Jesus. Settle the fuck down .
• • •
After the border we carry on through the western half of Oregon, stopping midmorning at Klamath Falls. I got off another train here, a dozen years ago, and the next morning stood between my mom and dad at Crater Lake, shivering and looking down from the snowy overlook at each other’s wavering reflections, dropping pebbles into the arctic-blue water. My folks had driven from Montana, and I had come from California, presumably to celebrate my birthday. I don’t know if “neutral ground” applied but think there could possibly be some situational equivalent — if we could even have named the situation — but that would have been asking a lot. In any event, turning thirty had freaked me out, partially because it felt so old, but mostly because I don’t suppose I’d ever expected to make it that far. I suspect my parents had been equally astonished and came at least partially to prove to themselves that the birthday girl was no imposter. And because they loved her. Me. That was real.

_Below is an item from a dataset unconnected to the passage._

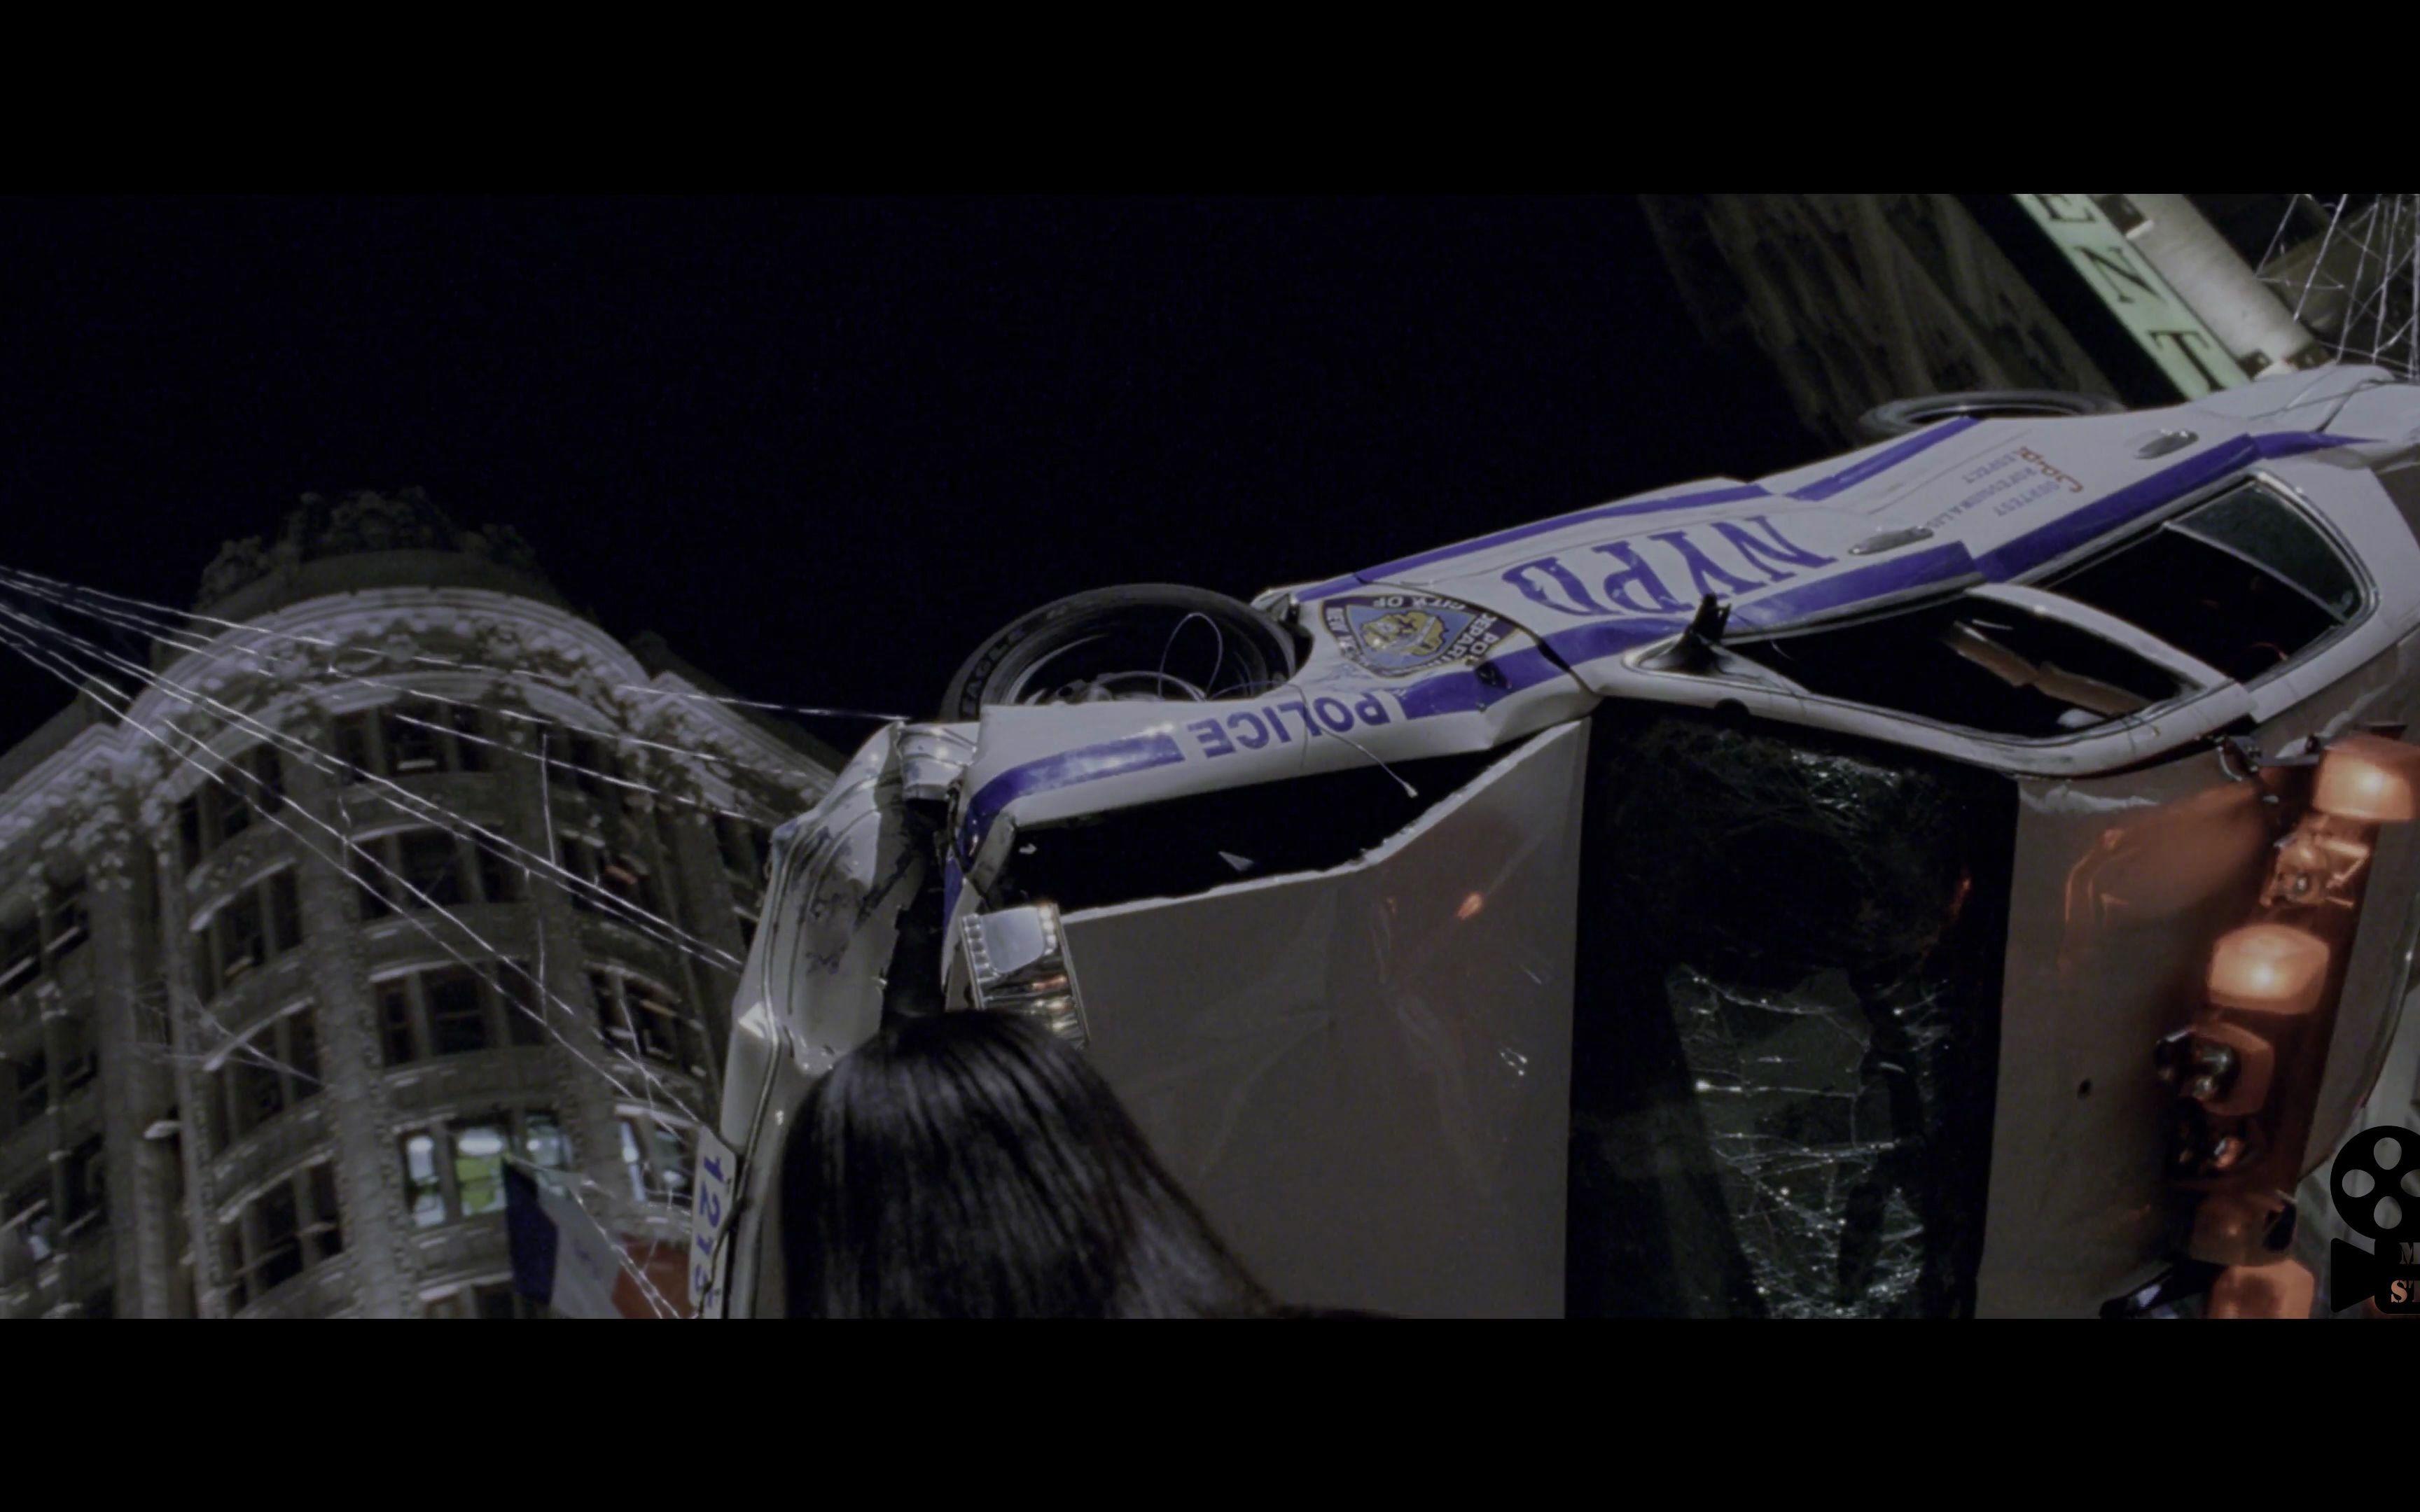 Spider-Man 2 2004 2160p Movie Clip 2

When they took me back to the train station the next day, my dad helped me with my bag, even though it was small, and there was hardly anything in it.
He said, “Do you ever think about—?”
“Sometimes. Really, Dad. I will. I still know how to get there. Don’t worry.”
“Okay, then,” he said. “I won’t.” It would never occur to him I didn’t mean it, and I have always envied that kind of trust. And I did mean it, for someday, and someday comes whether or not it suits all your well-laid plans, or the ones that were not laid (or plans) at all.
There had been no fighting when I left home, no falling-out — I simply went away. Or not simply so much as quietly, as there hadn’t really been anything simple about it. In almost twenty-five years we have met only that once, though contact has grown more frequent, and easier, as we have finally come to our own terms, I suppose, with all the freight of family and love and losing and not exactly telling the truth, to ourselves or to each other. It has become bearable, but only in retrospect. No clear delineation in the arc of time’s passing, just the realization that we have all, somehow, survived (three out of four, anyway, so I guess “all” really means the ones we know for sure are still standing). For the standing ones, there has been life. Lives. More than one each, I reckon. For me? For sure.
In Portland, I find the right track in the huge old station, but no train. I wander the neighborhood for a while, find myself at the river, and am happy, for this moment, to be there. It is always good to be near water, and I already feel the dull ache of missing the ocean. Of all the mind- and body-altering substances I dipped myself into in San Francisco, the ocean, as it turns out, finally proved the most addictive.